Poster
in
Workshop: Building Trust in LLMs and LLM Applications: From Guardrails to Explainability to Regulation
Harmful Helper: Perform malicious tasks? Web AI agents might help
Yang Fan Chiang · Seungjae (Jay) Lee · Jia-Bin Huang · Furong Huang · Yizheng Chen
Recent research has significantly advanced Web AI agents, introducing groundbreaking architectures and benchmarks demonstrating major progress in autonomous web interaction and navigation. However, recent studies have shown that many AI agents can execute malicious tasks and are more vulnerable than standalone LLMs. Our work studies why Web AI agents, built on safety-aligned backbone Large Language Models (LLMs), remain highly susceptible to following malicious user inputs.
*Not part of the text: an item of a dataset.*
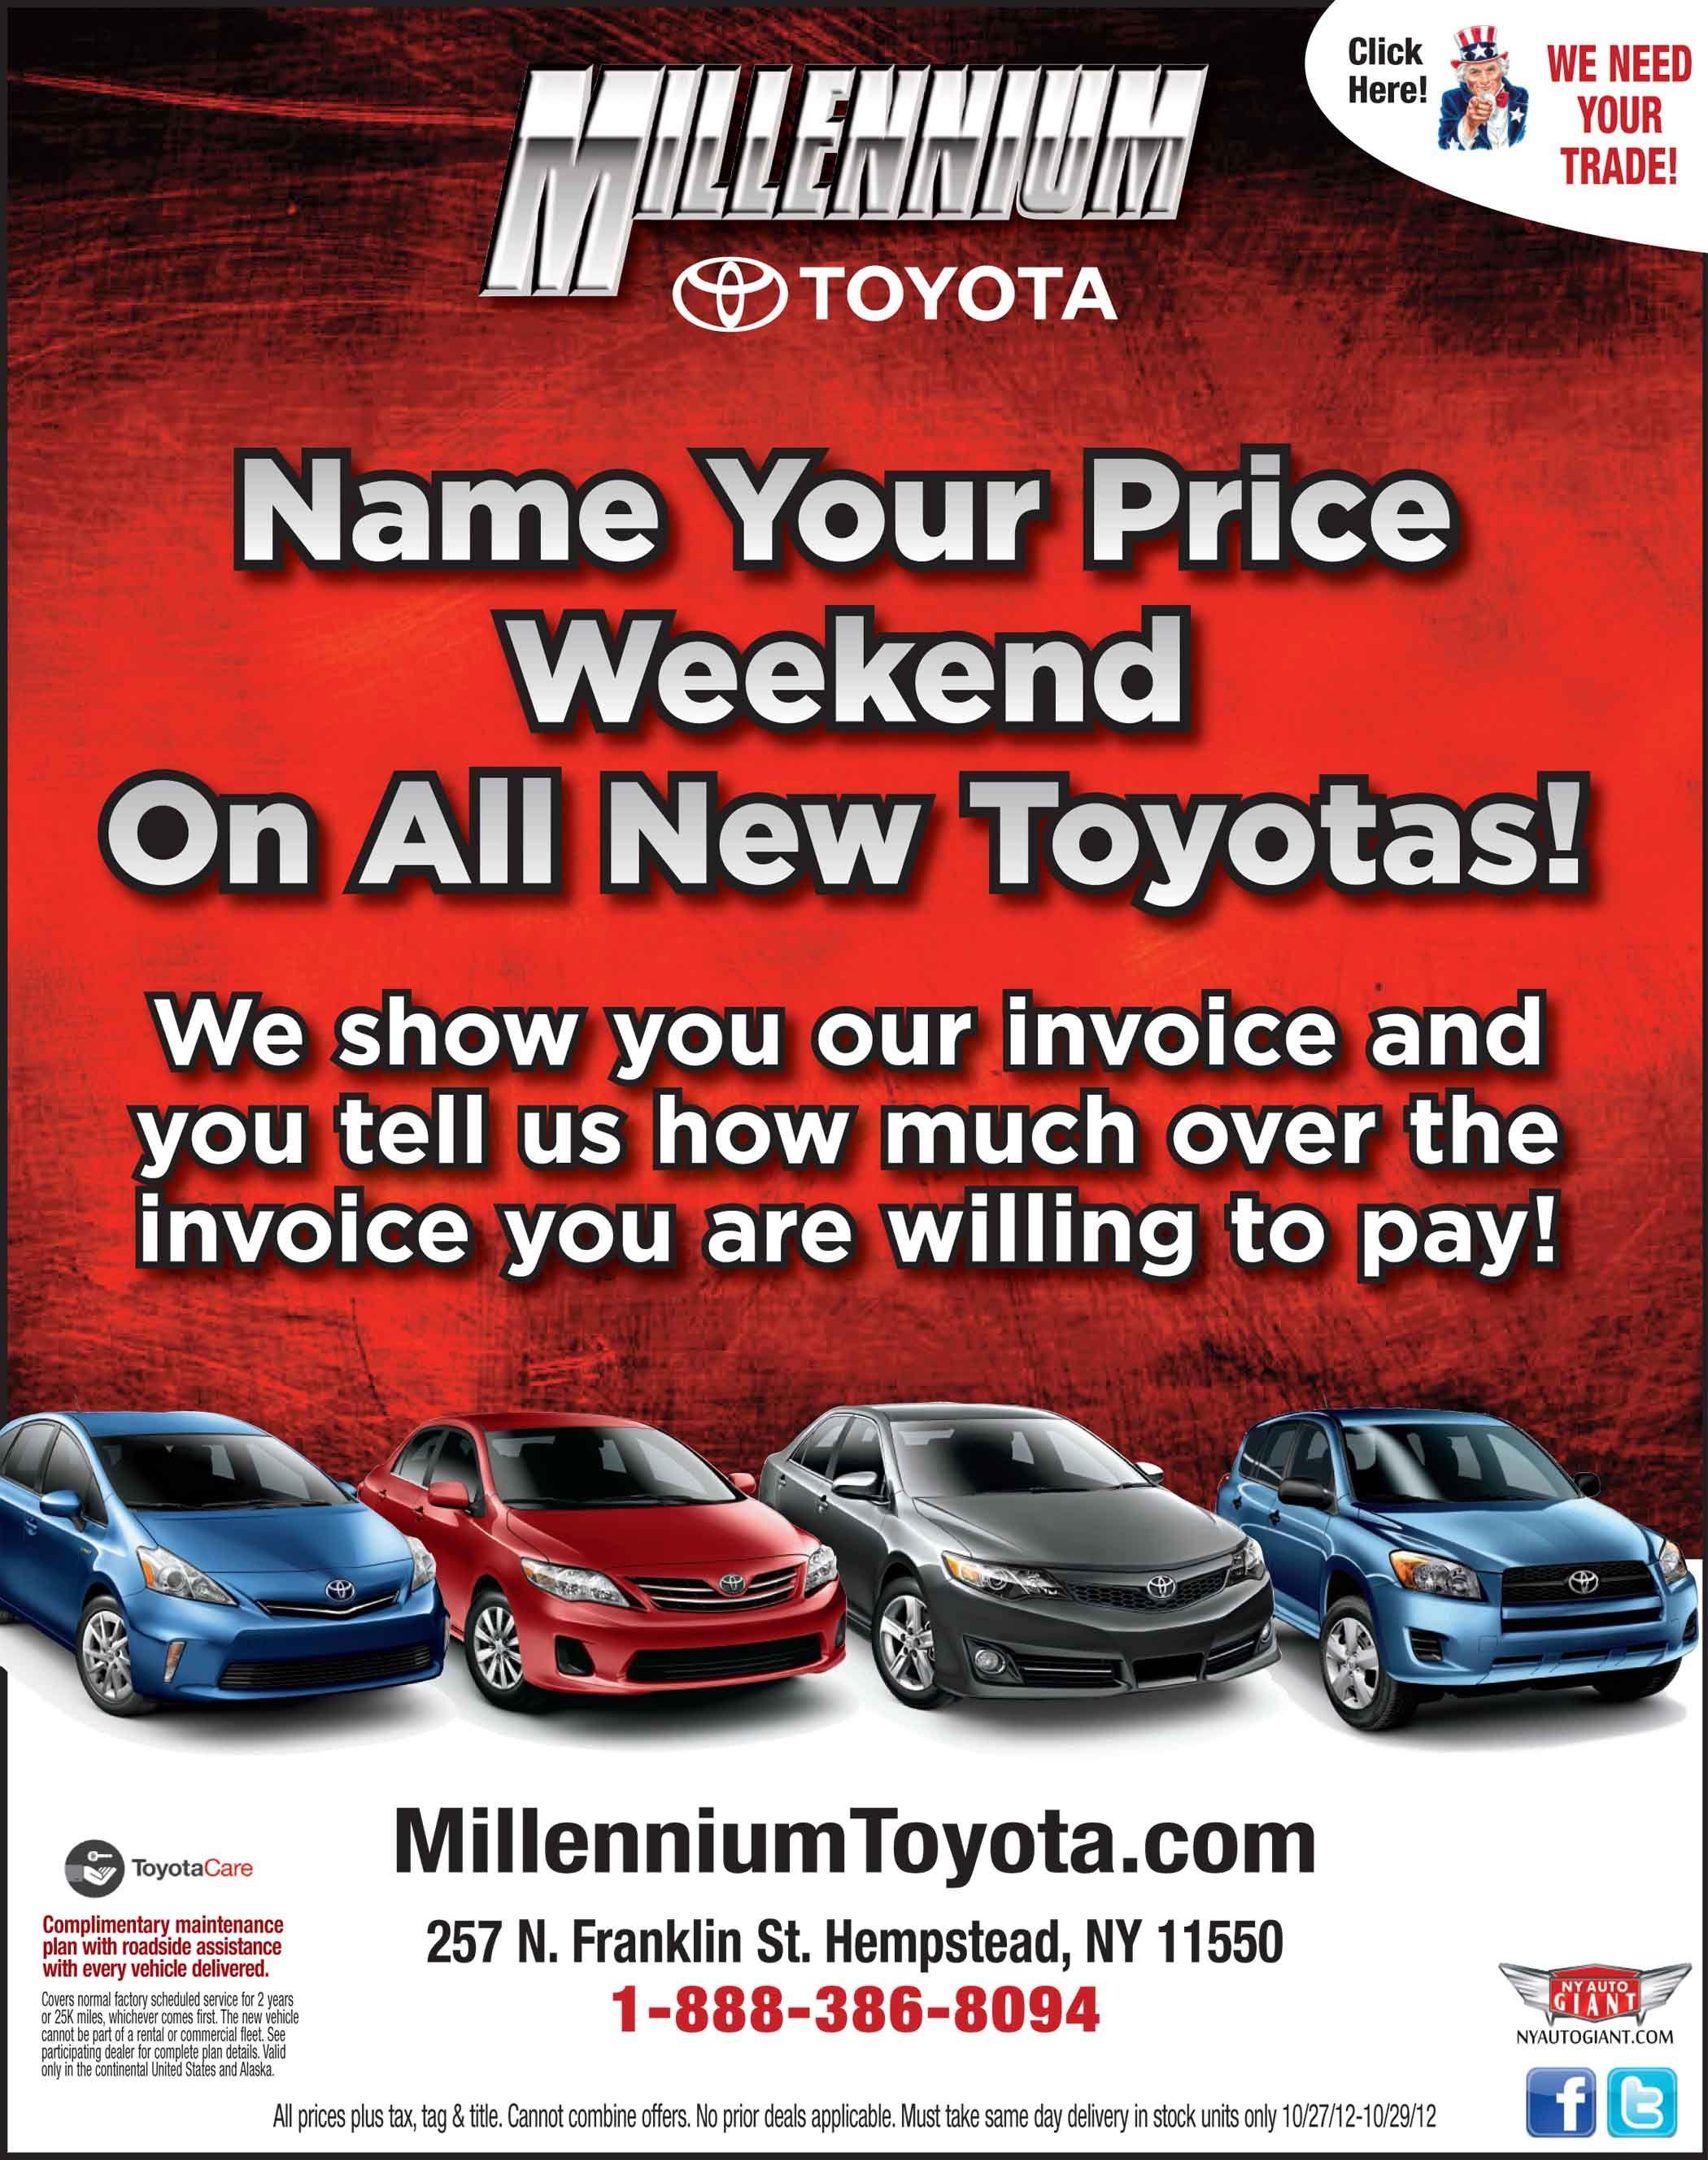 Car rental queens ny

In particular, we investigate the sources of these vulnerabilities by analyzing the differences between Web AI agents and standalone LLMs in terms of their design and components, quantifying the vulnerability rate introduced by each component. Through a fine-grained evaluation to uncover nuanced jailbreaking signals, we identify three key factors in Web AI agents that make them more vulnerable than standalone LLMs: 1) directly including user input in the system prompt of LLMs, 2) generating actions in a multi-step manner, and 3) processing Event Streams (observation + action history) from web navigation. Furthermore, we observe that many current benchmarks and evlautions rely on mock-up websites, which could potentially lead to misleading results. Our findings highlight the need to prioritize security and robustness when designing the individual components of AI agents. We also suggest developing more realistic safety evaluation systems for Web AI agents.